This task asks for the lines from the one with "Colour bomb 5pk - RRP £5.00" to the final line below, repeated exactly, with pictures omitted.

Data provided
· · · · · · ·

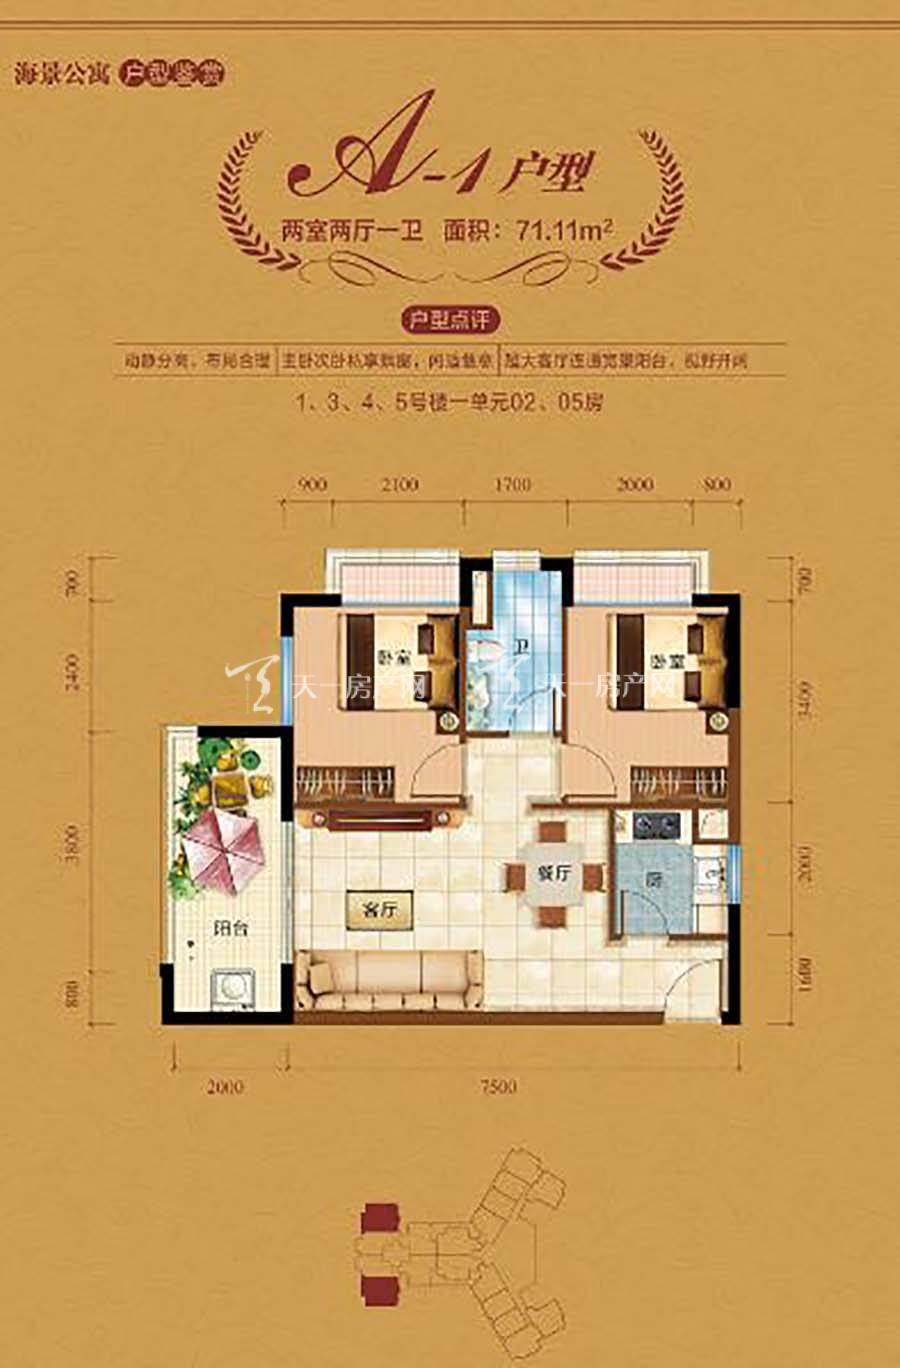 中视金海湾A1户型/2房2厅1卫/建筑面积:约71.11㎡
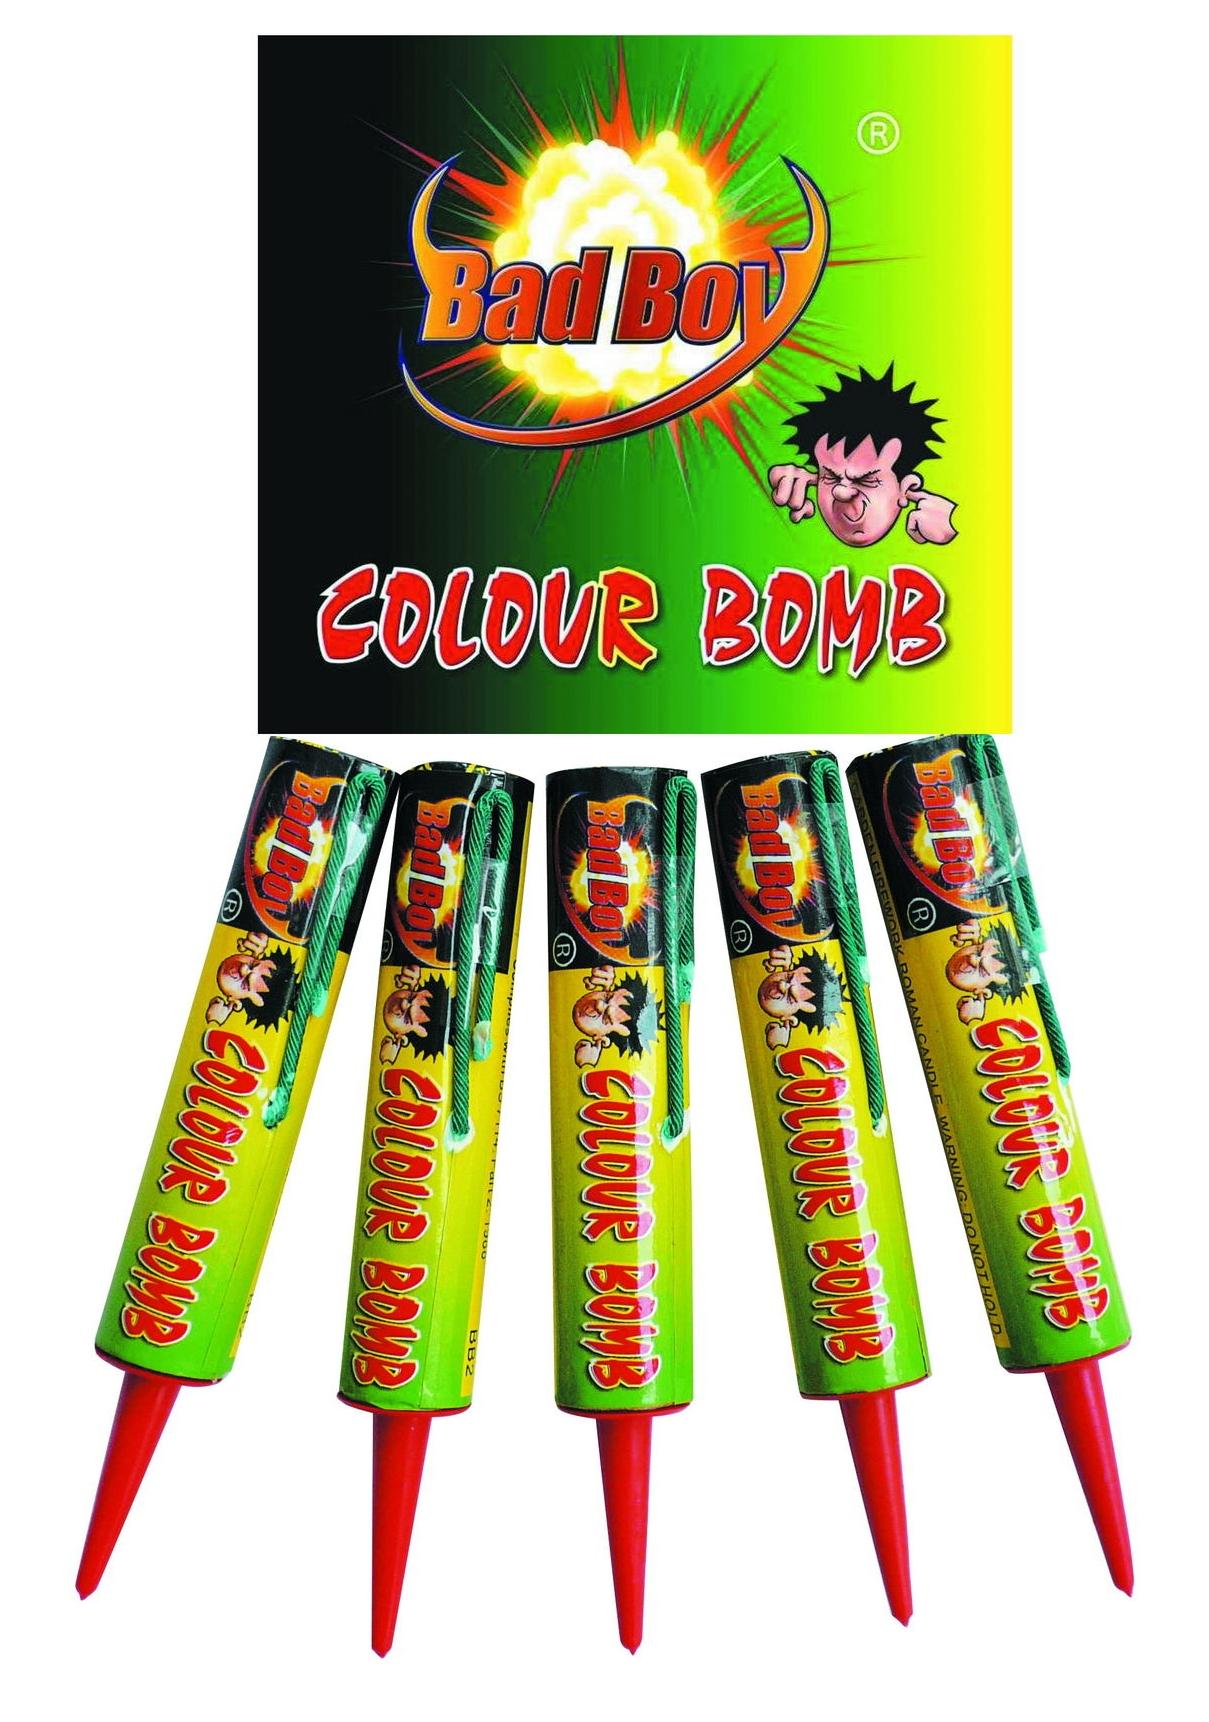 Colour bomb 5pk - RRP £5.00
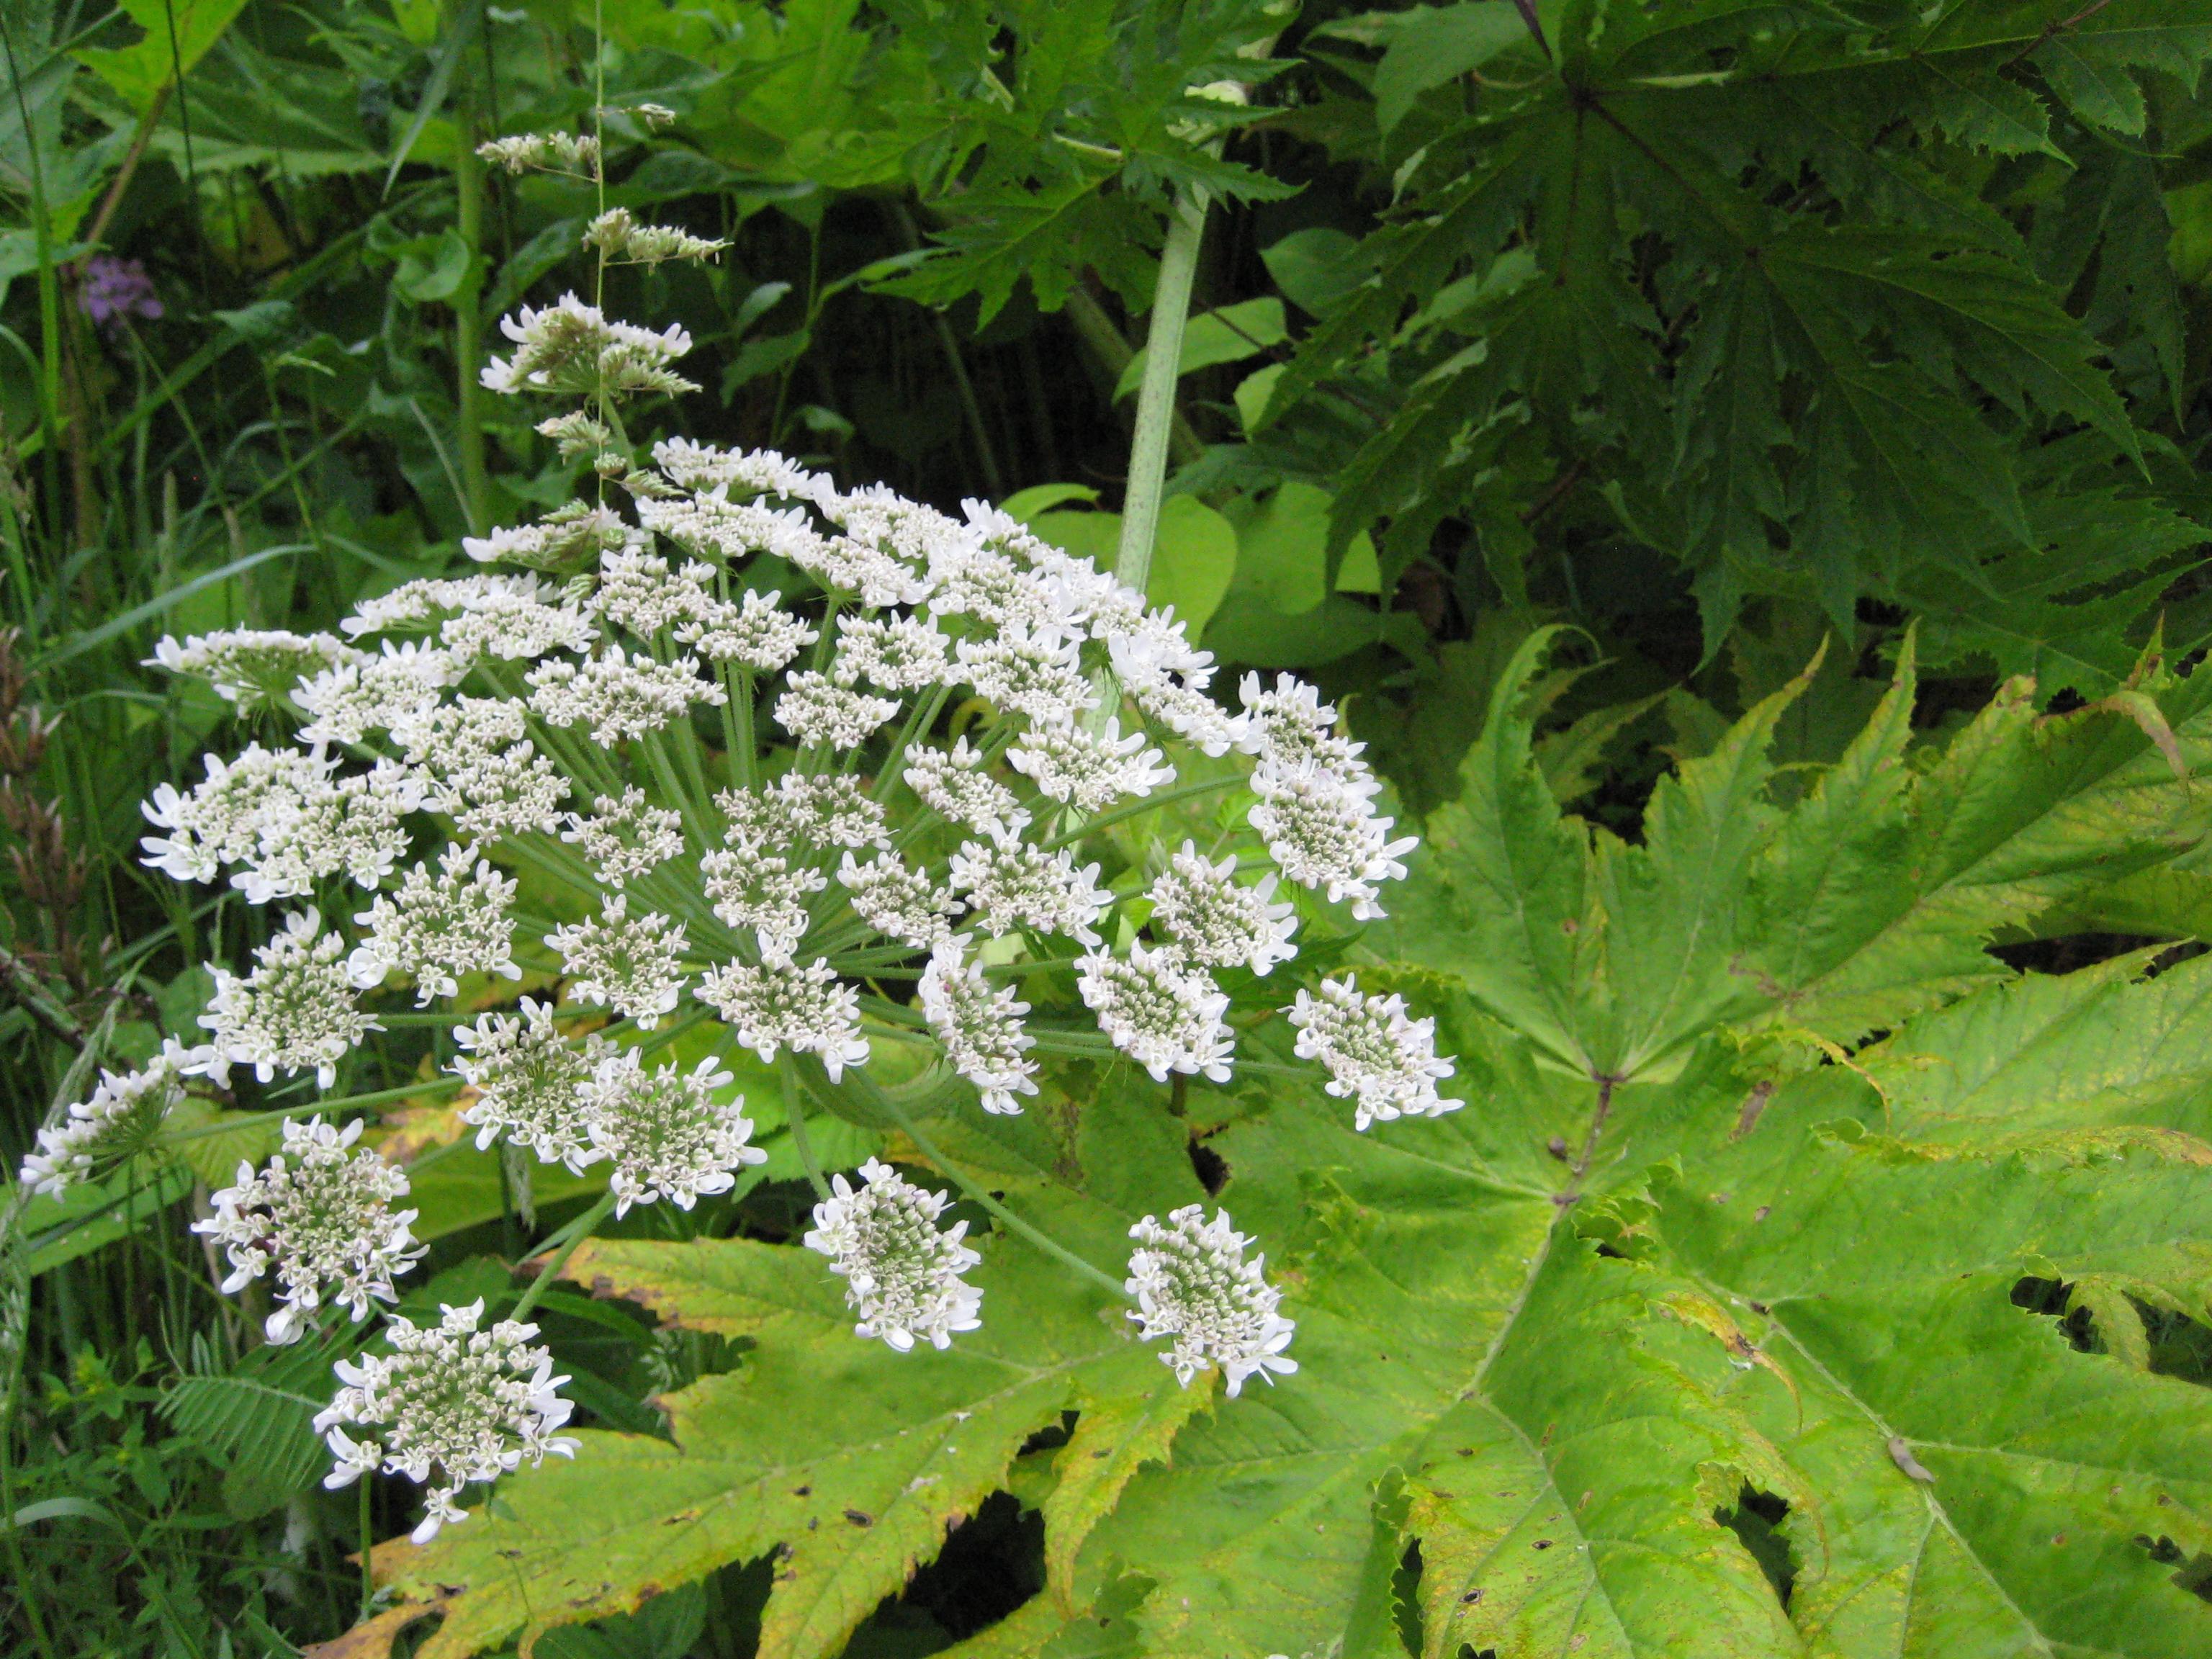 heracleum_mantegazzianum_giant_hogweed_flowers_ssisc

· · · · · · ·

Task answer
 Colour bomb 5pk - RRP £5.00
 heracleum_mantegazzianum_giant_hogweed_flowers_ssisc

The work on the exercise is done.